This event marks the first in-person YC Paper Club meetup, aimed at building a community that connects top founders with experienced researchers. The host emphasized the community's mission to address the information asymmetry between academic research and industrial deployment, and reflected on personally witnessing the early days of AI companies like OpenAI through YC. Located in Silicon Valley, the event was designed to tap into the region's rich AI talent, advance real-world applications through accessible paper discussions, and spark more collaboration between academia and industry.
⚡️ Speculative-Speculative Decoding (SSD) for Inference Acceleration
Tanishq presented how Speculative-Speculative Decoding (SSD) speeds up large-model inference, arguing that inference is not just a cost problem but a fundamental capability constraint. The core idea behind SSD is parallelizing traditionally serial inference steps — a draft model predicts the verifier's future outputs, hiding the latency of the drafting phase. This approach enables significant throughput gains on limited hardware. It demonstrates that algorithmic innovation can not only cut costs but treat inference "think time" as a core capability, delivering higher-quality intelligent output.
🤖 Diffusion Model Predictive Control (DMPC) for Robotics
Stanis introduced how diffusion models can be incorporated into Model Predictive Control (MPC) to build more robust robot policies. DMPC combines multi-step action plan generation with multi-step dynamic model prediction, effectively reducing error accumulation in long-horizon trajectory forecasting. A key advantage is real-time adaptation to new tasks and different dynamics — by modifying test-time reward functions or updating the dynamics model — without retraining the full policy. Experiments show that DMPC can leverage video data more effectively than traditional imitation learning and generalizes well across diverse tasks.
Isaac explored LayWorld, an efficient world-model approach based on the Joint-Embedding Predictive Architecture (JEPA), designed to solve the collapse problem in representation learning. By introducing a novel SigReg regularization term, the model maintains a healthy distribution in latent space and ensures prediction stability. Compared to existing complex methods, LayWorld achieves efficient training with minimal hyperparameter tuning. It also demonstrates strong uncertainty quantification — detecting anomalous input fluctuations in real time — providing critical support for safe planning and decision-making by intelligent agents in the real world.
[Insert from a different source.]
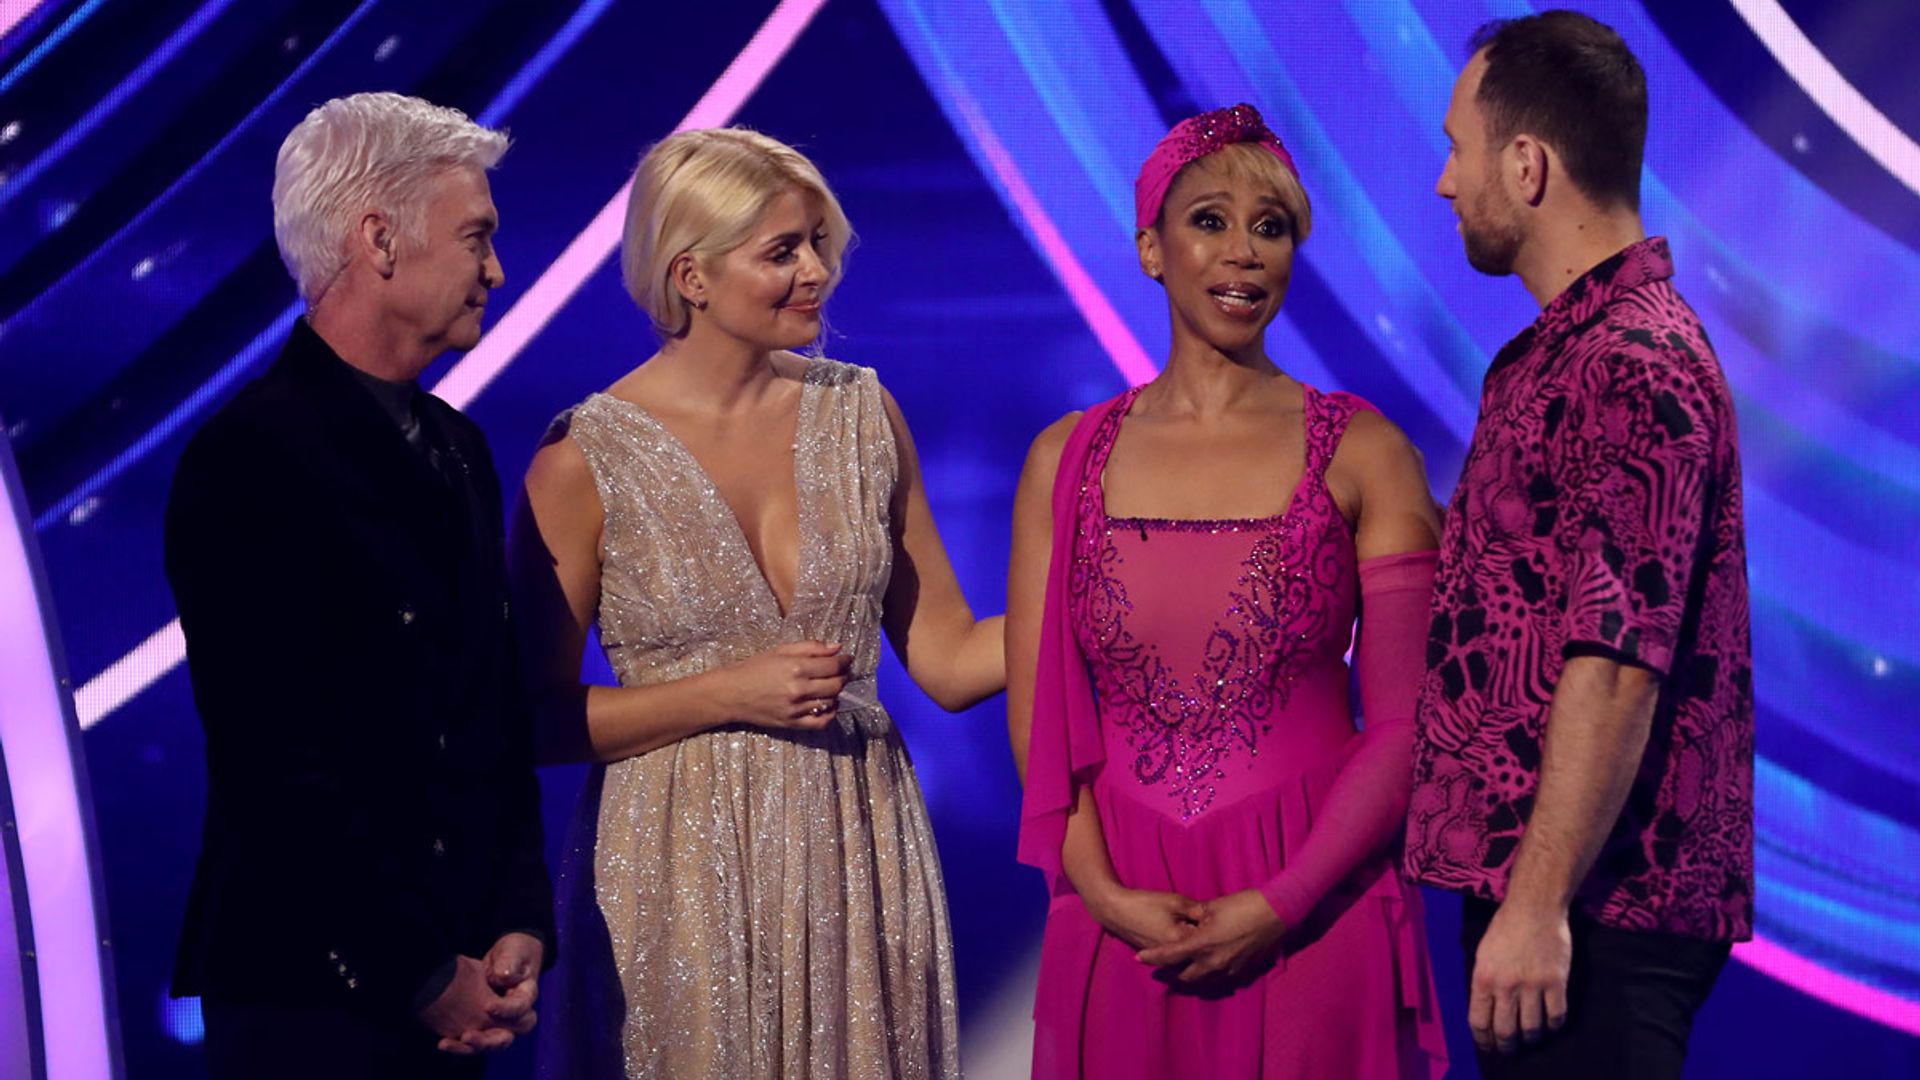 Dancing on Ice's Trisha Goddard breaks down in tears as she opens up about cancer

🧠 Exploring the Nature of Deep Learning Generalization
Akshay discussed a deeper understanding of generalization in deep learning, focusing on why large-scale models still perform well despite over-parameterization, contrary to traditional statistical predictions of overfitting. Using the PAC-Bayes framework, he explained the positive correlation between model compressibility and generalization performance, noting that over-parameterized models tend to find smoother, more compressible solutions in parameter space. By introducing soft inductive biases, neural networks balance strong expressive power with the ability to fit structured data — demystifying deep learning and pointing the way toward improved sample efficiency.
📈 Infinite-Compute Training Strategies Under Data Constraints
Kan Wu addressed how to maximize data efficiency through algorithmic innovation when pre-training data is scarce but compute is abundant. The paper proposes combining regularization with ensembling, finding that aggressive weight decay combined with ensemble training significantly reduces the asymptotic performance loss. This research explores scaling laws in compute-unconstrained settings, demonstrating that data epoching and distillation can match or even exceed traditional pre-training performance on smaller datasets — offering an engineering-grade methodology for model training when data is scarce.
Highlights
⚡ Speculative-Speculative Decoding treats inference "think time" as a core capability — not just a cost — by parallelizing serial steps to unlock higher-quality model output on limited hardware.
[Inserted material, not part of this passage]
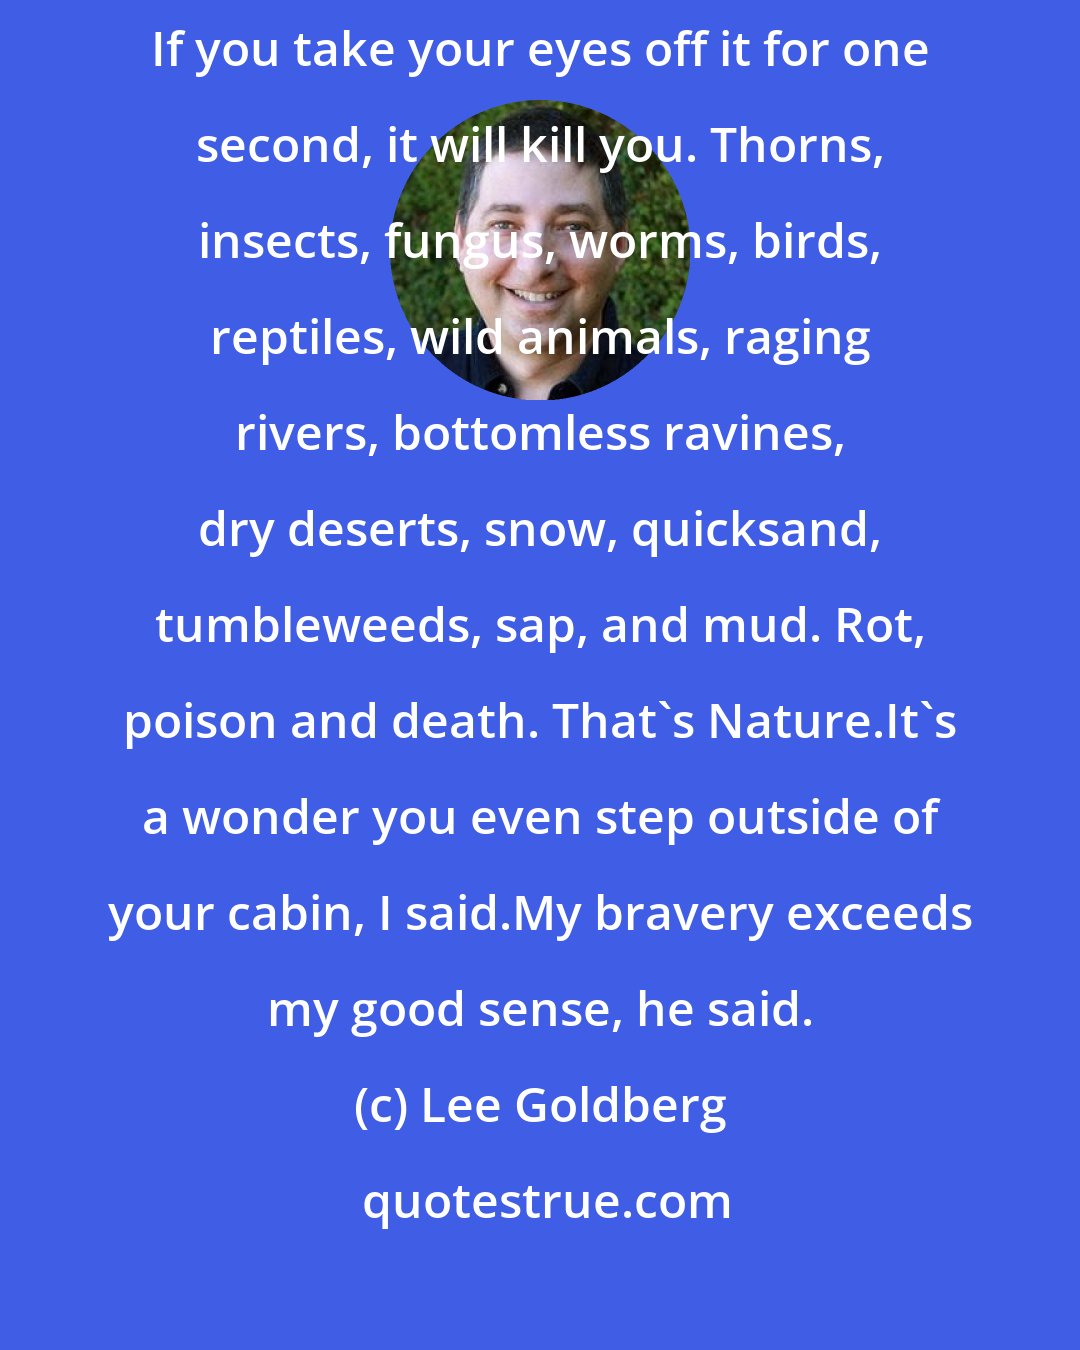 Lee Goldberg: So there you have it: Nature is a rotten mess. But that's only the beginning. If you take your eyes off it for one second, it will kill you. Thorns, insects, fungus, worms, birds, reptiles, wild animals, raging rivers, bottomless ravines, dry deserts, snow, quicksand, tumbleweeds, sap, and mud. Rot, poison and death. That's Nature.It's a wonder you even step outside of your cabin, I said.My bravery exceeds my good sense, he said.

🤖 Diffusion Model Predictive Control enables robots to adapt to new tasks at test time by modifying reward functions or dynamics models without retraining, making real-world deployment far more practical.
🌍 The LayWorld model solves representation collapse with a lightweight SigReg term, enabling efficient world-model training with strong uncertainty quantification for safe agent decision-making.
🧠 Model compressibility positively correlates with generalization: over-parameterized networks find smoother, more compressible solutions, explaining why large models don't overfit as classical theory predicts.
📈 When data is scarce but compute is abundant, combining aggressive weight decay with ensemble training can match or exceed traditional pre-training performance — a practical blueprint for data-constrained builders.